50-1 and 1B-2R1 cells were cultured in Dulbecco's modified Eagle's medium supplemented with 10 % fetal bovine serum and 300 µg G418 (Geneticine; Invitrogen) ml–1. The HCV replicon cells were known to possess the G418-resistant phenotype, because neomycin phosphotransferase (NeoR) was produced by the efficient replication of HCV replicon in the cells. Therefore, when an HCV replicon is excluded from the cells or its level is decreased, the cells are killed by the presence of G418. 50-1 cells were also cultured in the presence of 5 or 25 µM ribavirin (Sigma) or 25 µM mizoribine (Sigma). In general, these replicon cells were passaged every 4 days.

Northern blot analysis.
Total RNA from the cultured cells were prepared using an RNeasy extraction kit (Qiagen). Total RNA (3 µg) was used to detect the HCV replicon RNA and {beta}-actin mRNA. Northern blotting and hybridization were performed as described previously (Ikeda et al., 2002; Kato et al., 2003b). A digoxigenin-labelled, negative-sense RNA probe complementary to the NS5B region (positions 8935–9374 of the HCV genome) was used for the detection of the replicon RNA. A {beta}-actin specific digoxigenin-labelled antisense RNA probe was used to check the amount of RNA. The synthetic RNA transcribed from pNSS1RZ2RU (Kato et al., 2003b) (108 and 107 genome equivalents spiked into normal cellular RNA) was used to compare the level of replicon RNA. An RNA ladder (Invitrogen) was also used to mark the molecular length.

Western blot analysis.
The preparation of cell lysates, SDS-PAGE and immunoblotting analysis with a PVDF membrane were performed as described previously (Hijikata et al., 1993; Naganuma et al., 2000). The antibodies used to examine the expression levels of HCV proteins were those against NS3 (Novocastra Laboratories) and NS5B (a generous gift from M. Kohara, Tokyo Metropolitan Institute of Medical Science, Japan). Anti-{beta}-actin antibody (AC-15; Sigma) was also used to detect {beta}-actin as an internal control. Immunocomplexes on the membranes were detected by enhanced chemiluminescence assay (Renaissance; Perkin-Elmer Life Sciences).

RT-PCR.
To amplify HCV RNA RT-PCR was performed as described previously (Kato et al., 2003b). Briefly, the total RNA (2 µg) obtained from the replicon cells was used as a template for reverse transcriptase using SuperScript II (Invitrogen). PCR using proofreading KOD-plus DNA polymerase (Toyobo) was performed separately in two parts; one part covered the 5' UTR to the amino terminal of the NS3 region, and the other part covered the NS3 region to the NS5B region. The PCR yielded a 2033 bp fragment for the former part and a 6107 bp fragment for the latter part.
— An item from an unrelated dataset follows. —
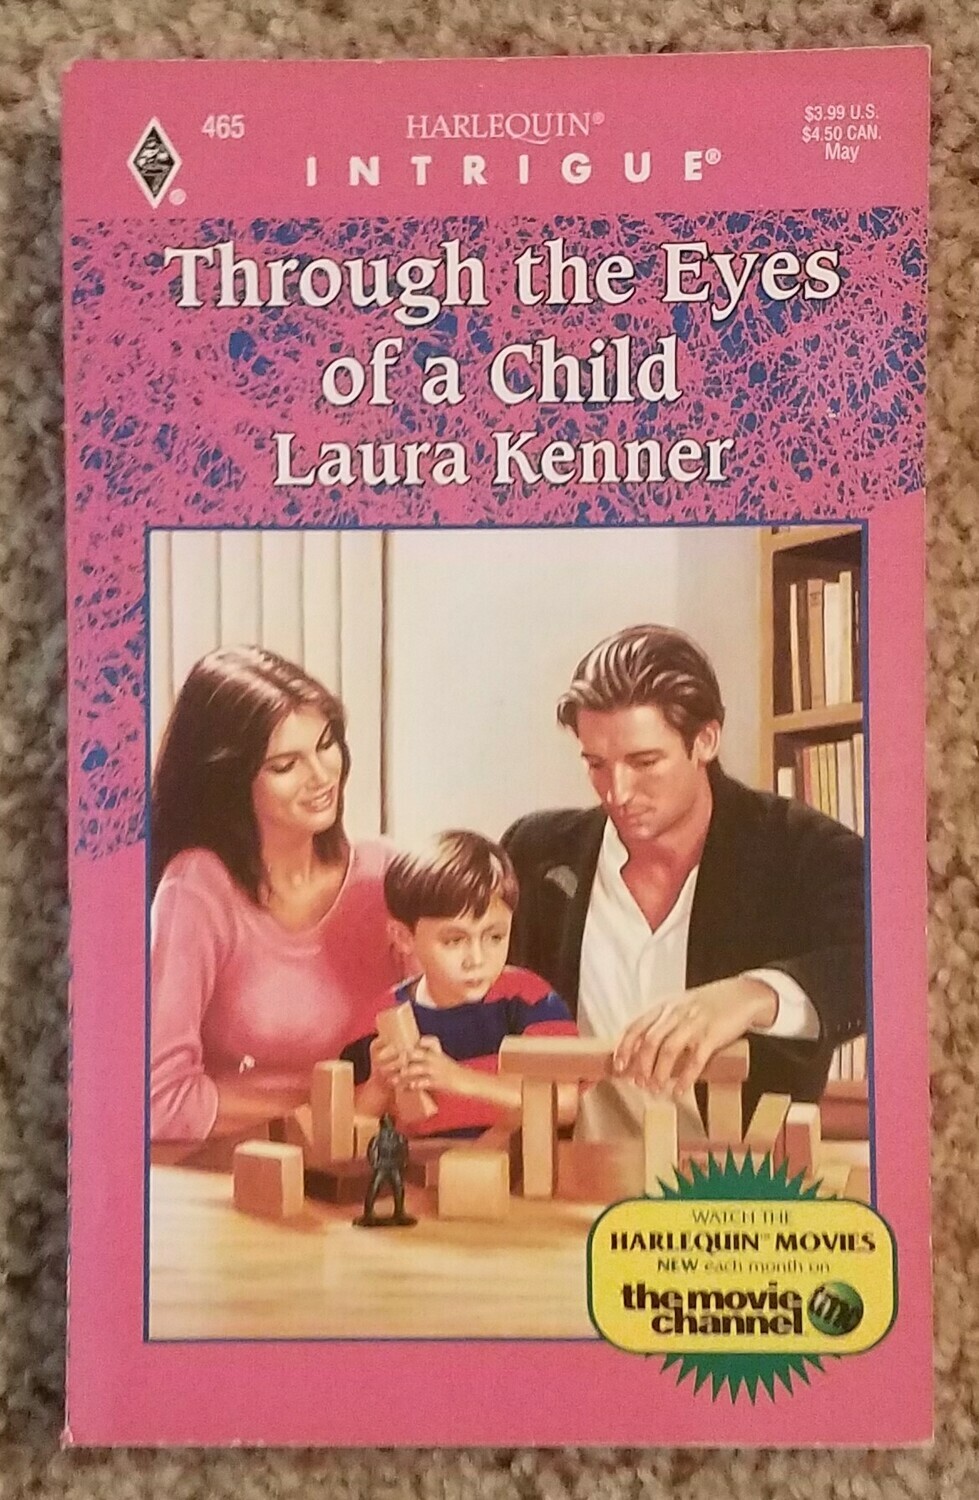 Through the Eyes of a Child by Laura Kenner

cDNA cloning and sequencing.
The PCR products were subcloned into the XbaI site of pBR322MC (Kishine et al., 2002), which was derived from pBR322 and contained the multiple cloning site of pUC19, as described previously (Kato et al., 2003b). Plasmid inserts were sequenced in both the sense and antisense directions by using Big Dye terminator cycle sequencing on an ABI PRISM 310 genetic analyser (Applied Biosystems).

Molecular evolutionary analysis.
Nucleotide sequences of the clones obtained by RT-PCRs from 50-1 and 1B-2R1 cells were analysed by the neighbour-joining analysis using the program GENETYX-MAC (Software Development).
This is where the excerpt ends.